I've got a data frame df
(+/- 331000 observations with 4 variables) with Date
(range in format = "%Y-%m-%d"), ID
(factor with 19 levels), Station
(factor with 18 levels), and Presence
(1/0
).
The data frame is setup in such a way that there's a range of dates (over an almost three year period) for each ID
at each Station
, and whether a person was present (1/0
) on a particular day at a particular Station.

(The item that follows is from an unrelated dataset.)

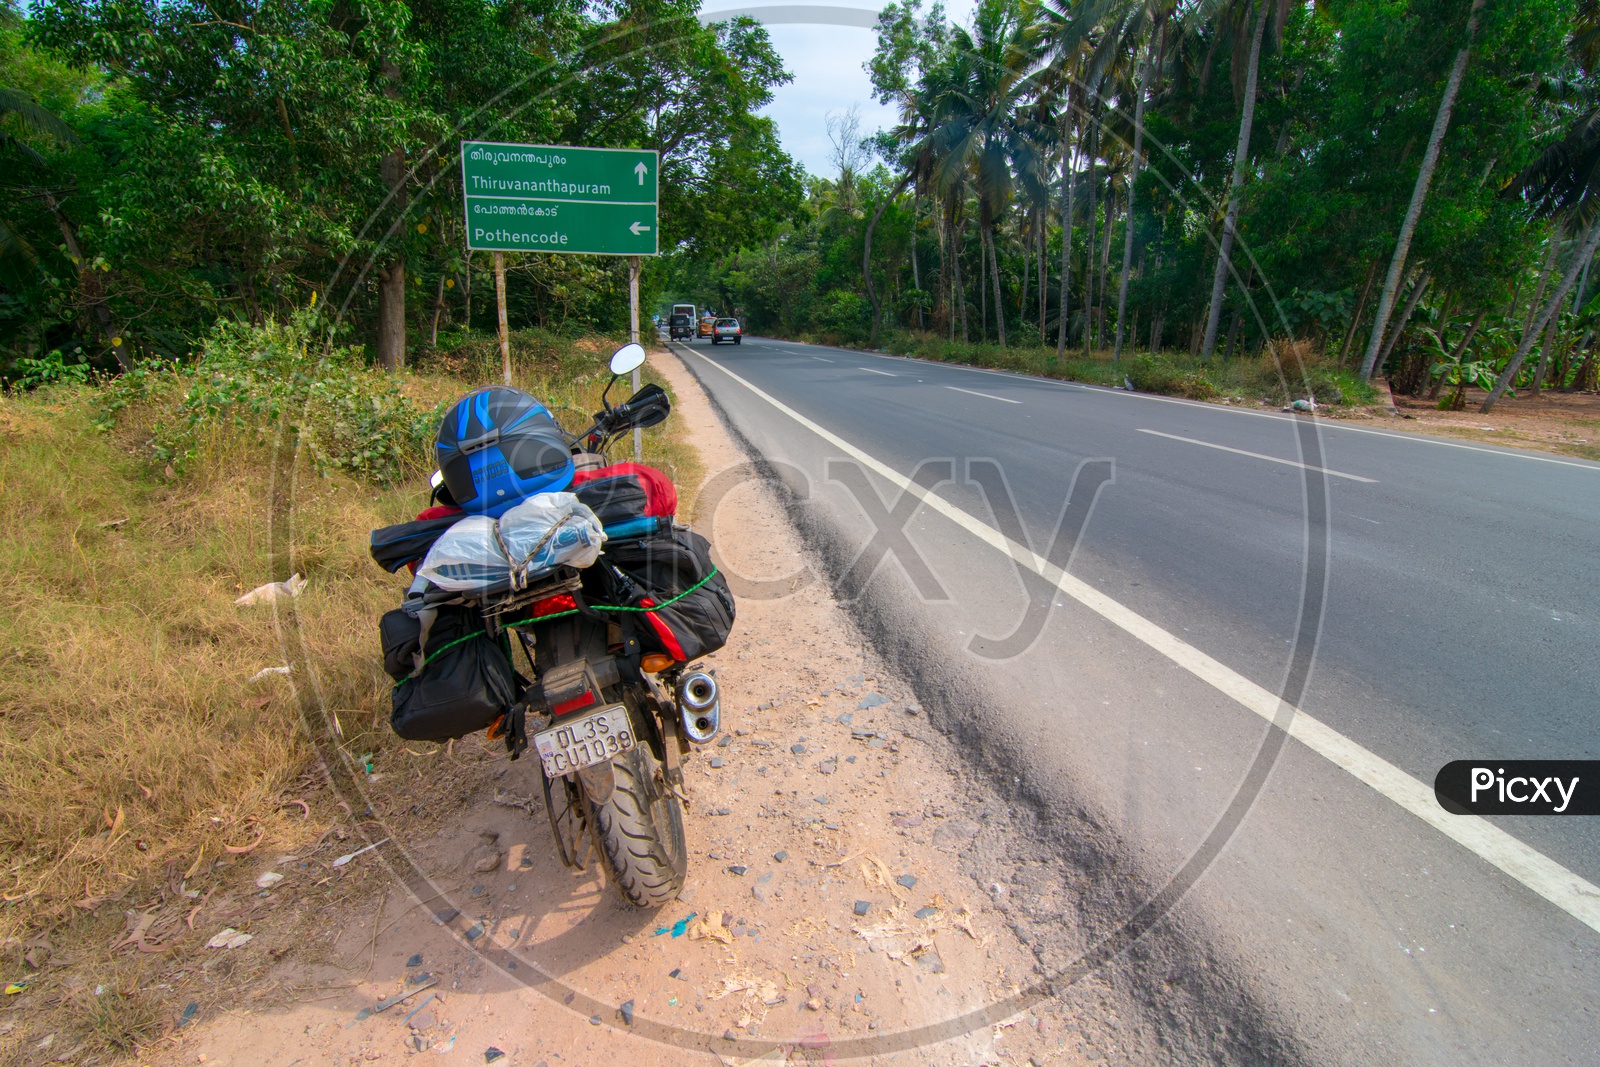 A Traveler's bike parked alongside the road at Tiruvananthapuram highway 
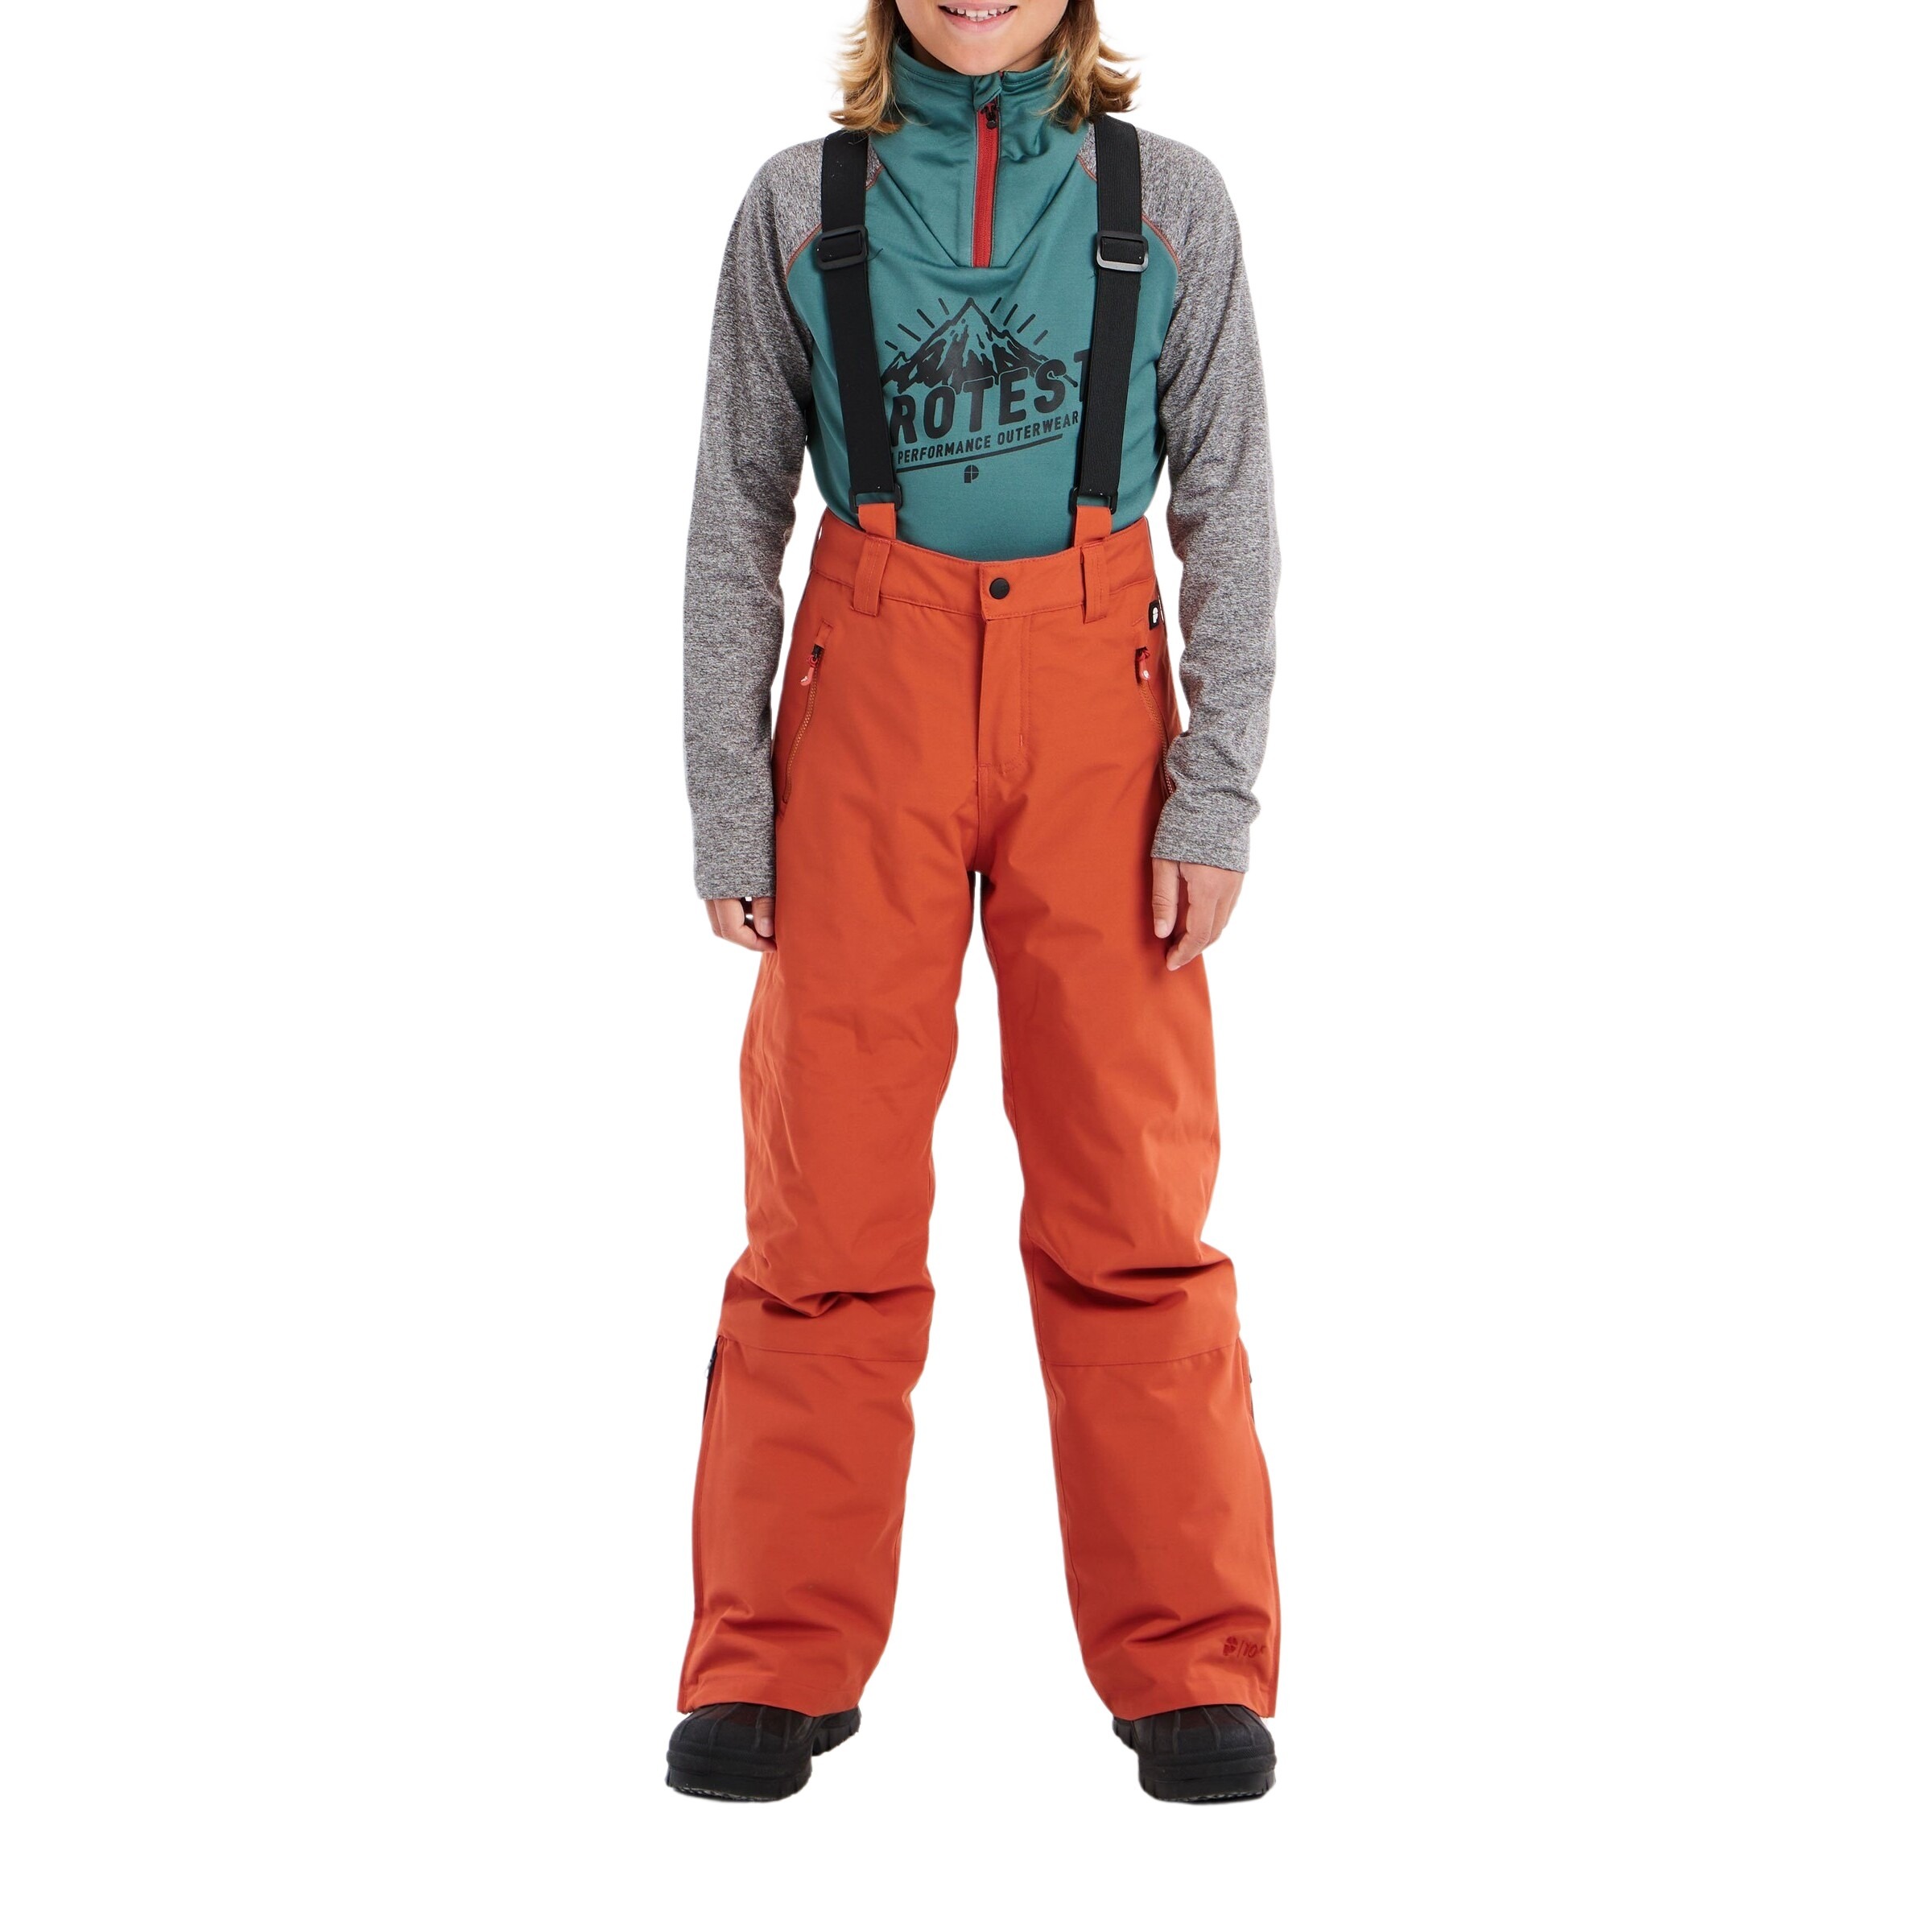 Pantalon de ski enfant Protest Spiket

If one would subset/filter the df according to a day and ID, you'd get the following dataset (I'll refer to this from now on as 'group'):
filter(df, Date == "2016-01-03" & ID == "Fred")
Date ID Station Presence
<date> <fct> <fct> <dbl>
2016-01-03 Fred Station1 0
2016-01-03 Fred Station2 0
2016-01-03 Fred Station3 0
2016-01-03 Fred Station4 1
2016-01-03 Fred Station5 0
2016-01-03 Fred Station6 0
2016-01-03 Fred Station7 0
2016-01-03 Fred Station8 0
2016-01-03 Fred Station9 0
2016-01-03 Fred Station10 0
2016-01-03 Fred Station11 0
2016-01-03 Fred Station12 0
2016-01-03 Fred Station13 0
2016-01-03 Fred Station14 0
2016-01-03 Fred Station15 0
2016-01-03 Fred Station16 0
2016-01-03 Fred Station17 0
2016-01-03 Fred Station18 0
I would like to remove rows from the group if the following conditions are met:
For each group, if df$Presence == 1
, remove rows with df$Presence == 0
(it is possible to have rows with multiple df$Presence == 1
within one group, e.g. Fred was at Station4, Station9 and Station 15 on 2016-01-06). But if there are no rows with df$Presence == 1
within the group, don't remove any of the rows (so I can't simply remove all the df$Presence == 0
rows).
The above group would thus become:
Date ID Station Presence
<date> <fct> <fct> <dbl>
2016-01-03 Fred Station4 1
However, the following group would stay as it is (as there are no Presence == 1
within the group):
filter(df, Date== "2016-01-03" & ID == "Mark")
Date ID Station Presence
<date> <fct> <fct> <dbl>
2016-01-03 Mark Station1 0
2016-01-03 Mark Station2 0
2016-01-03 Mark Station3 0
2016-01-03 Mark Station4 0
2016-01-03 Mark Station5 0
2016-01-03 Mark Station6 0
2016-01-03 Mark Station7 0
2016-01-03 Mark Station8 0
2016-01-03 Mark Station9 0
2016-01-03 Mark Station10 0
2016-01-03 Mark Station11 0
2016-01-03 Mark Station12 0
2016-01-03 Mark Station13 0
2016-01-03 Mark Station14 0
2016-01-03 Mark Station15 0
2016-01-03 Mark Station16 0
2016-01-03 Mark Station17 0
2016-01-03 Mark Station18 0
I've thought of starting with
df %>% group_by(Date, ID) %>%
However, I don't know how to proceed from there. I don't know how to deal with the contrasting conditions.